Usual and unusual mutations at different NGS mutation detection thresholds

Pooled data from all datasets.

Fig 2 depicts the proportion of positions with usual (panel A) and unusual (panel B) mutations and the proportion of all mutations that were unusual (number of unusual mutations / total number of mutations, panel C) as a function of mutation detection threshold in pooled samples for all studies.

thumbnail
Fig 2.

Boxplots demonstrating the distribution in the the proportion of positions with usual mutations (A), the proportion of positions with unusual mutations (B), and the proportion of mutations that were unusual (number of unusual mutations / [number of usual mutations + number of unusual mutations]) (C) at eight NGS mutation detection thresholds for pooled samples (n = 855) from eight published studies.

https://doi.org/10.1371/journal.pone.0225352.g002

The median proportion of positions with a usual mutation increased from 5.2% to 11.6% between the 20% and 0.5% thresholds then began doubling to 23.6% at the 0.2% threshold and to 47.2% at the 0.1% thresholds.

The median proportion of positions with an unusual mutation increased from 0% to 0.3% between the 20% and 1% thresholds but then began increasing about four-fold to 1.3% at the 0.5% threshold, 6.9% at the 0.2% threshold, and 23.2% at the 0.1% thresholds.

The median proportion of mutations that were unusual increased from 0% to 1.1% between the 20% and 2% threshold but then jumped to 4.2% at the 1% threshold, 12.0% at the 0.5% threshold, and to 25.1%, and 33.9% respectively at the 0.2% and 0.1% thresholds.

There was a weak but statistically significant relationship between the log10 of the number of sequence reads (i.e., coverage) and the number of usual mutations (correlation coefficient r between 0.21 and 0.24, p<0.001) at the 1%, 2%, 5%, 10%, and 20% thresholds (S1 Fig).
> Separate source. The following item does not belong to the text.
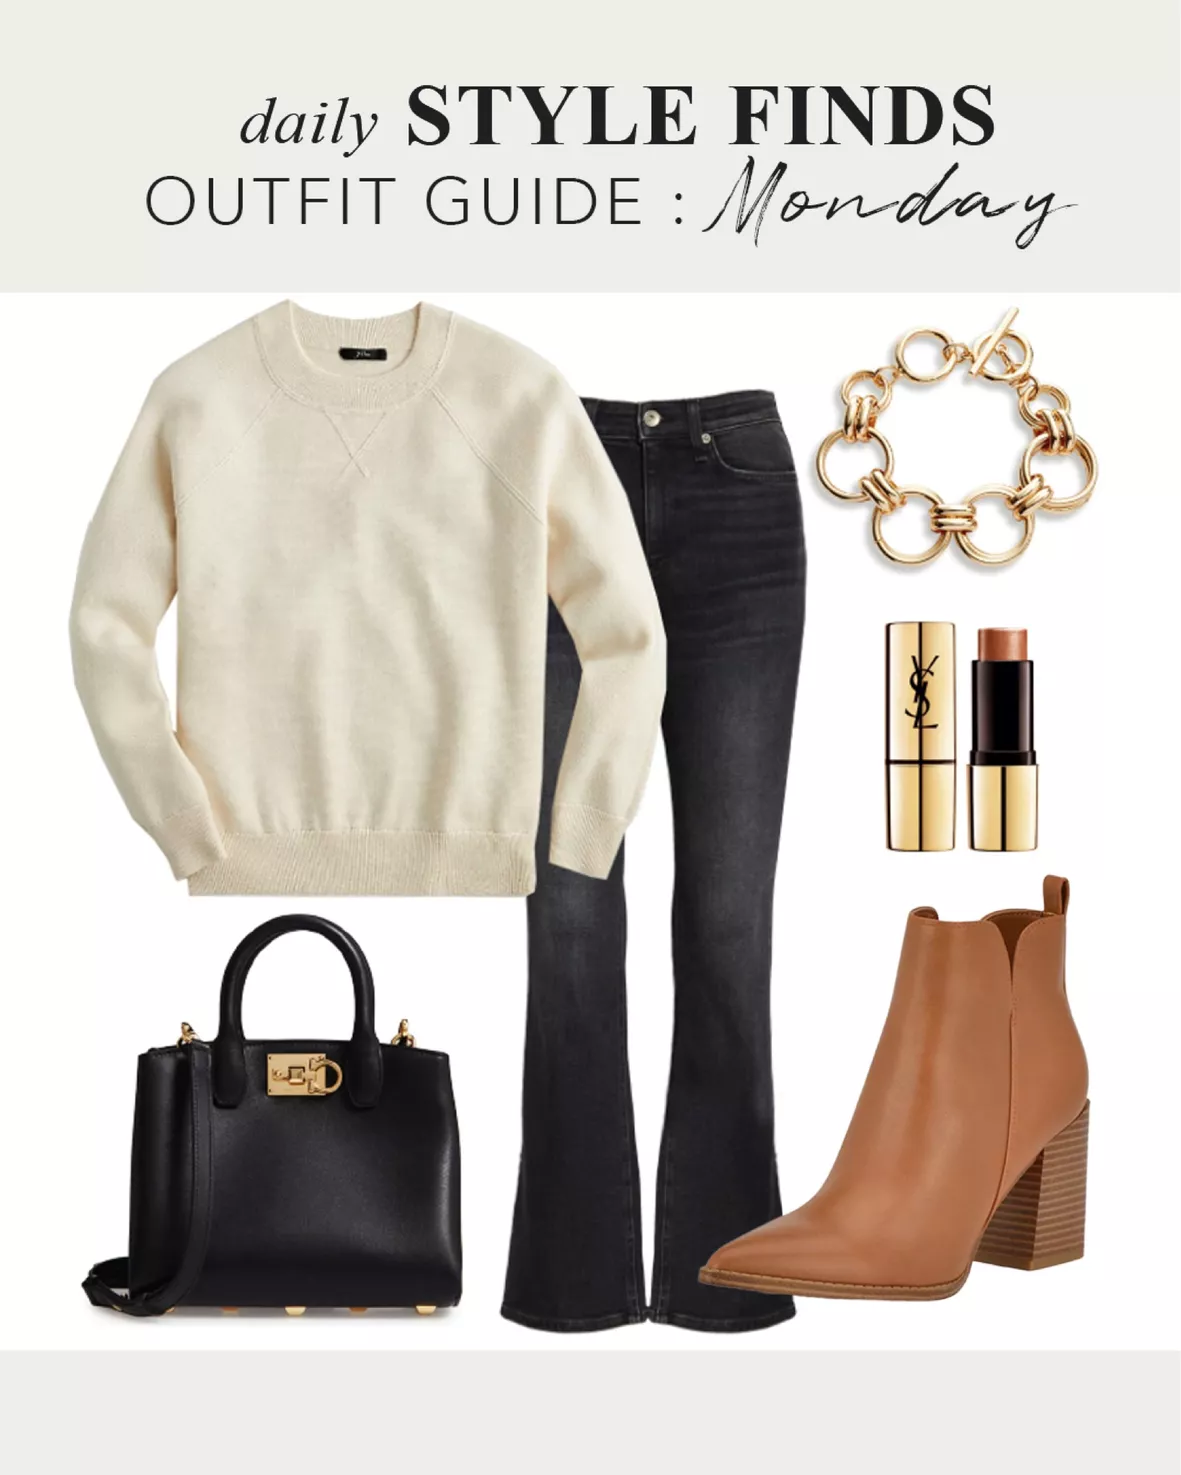 A casual black and cognac fall outfit

The relationship between the number of sequence reads and the number of unusual mutations was much weaker with r between 0.13 and 0.17 at the 1%, 2%, and 5% thresholds (S2 Fig).

Inter- and intra-study variation.

Fig 3A and 3B plot the median proportion of positions with usual and unusual mutations, respectively, at the eight NGS mutation detection thresholds for pooled samples within each of the eight studies. Fig 3C plots the median proportion of mutations that were unusual at each threshold for each study. These figures indicate that there were clear inter-study differences in the distributions of usual and unusual mutations, particularly at thresholds below 1%. The eight studies visually clustered into three groups at the three lowest thresholds. Two studies had the lowest numbers of both usual and unusual mutations, and of the proportions of mutations that were unusual [21, 22]. Four studies had intermediate values for these three metrics [18, 20, 24, 25], and two had higher values [19, 23].

thumbnail
Fig 3.

Median proportions of positions with usual mutations (A), proportions of positions with unusual mutations (B), and proportions of mutations that were unusual (number of unusual mutations / [number of usual mutations + number of unusual mutations]) (C) at eight NGS mutation detection thresholds for the pooled 855 samples in eight published datasets: light red (#FF6C67) [23], gold (#D79400) [19], lime green (#6CB100) [24], jade (#00C25C) [20], egg blue (#00C3C6) [25], sky blue (#00ABFF) [18], purple (#D475FF) [21], rose (#FF4ED1) [22].

https://doi.org/10.1371/journal.pone.0225352.g003

One of the two studies with the lowest numbers of unusual mutations pooled PCR product from three separate reactions, potentially lowering the impact of artifacts propagated per reaction [21]. However, because of the many inter-study differences in sample characteristics and laboratory procedures, we were otherwise unable to assess whether specific sample characteristics or laboratory procedures were responsible for observed differences in the proportion of positions with usual and unusual mutations.

There was marked heterogeneity in the distribution of unusual mutations at different thresholds within each study (S3 Fig). For example, at the 1% threshold, the highest number of unusual mutations in each study was generally about five times higher than the median number of unusual mutations.

Association of unusual mutations with virus load.

Plasma HIV-1 RNA levels were available for samples from three of the eight studies [21, 23, 24]. The percent of positions with unusual mutations was significantly higher in samples with lower virus loads in two of the three studies [23, 24], particularly at the 0.5%, 1%, 2%, and 5% thresholds (Fig 4A and 4B). This relationship was not detectable either at the very low thresholds of 0.1% and 0.2%, which contained high numbers of both usual and unusual mutations, or at the 10% and 20% thresholds, which contained few unusual mutations. There was generally no significant relationship between the proportion of positions with usual mutations and the sample’s virus load (S4 Fig).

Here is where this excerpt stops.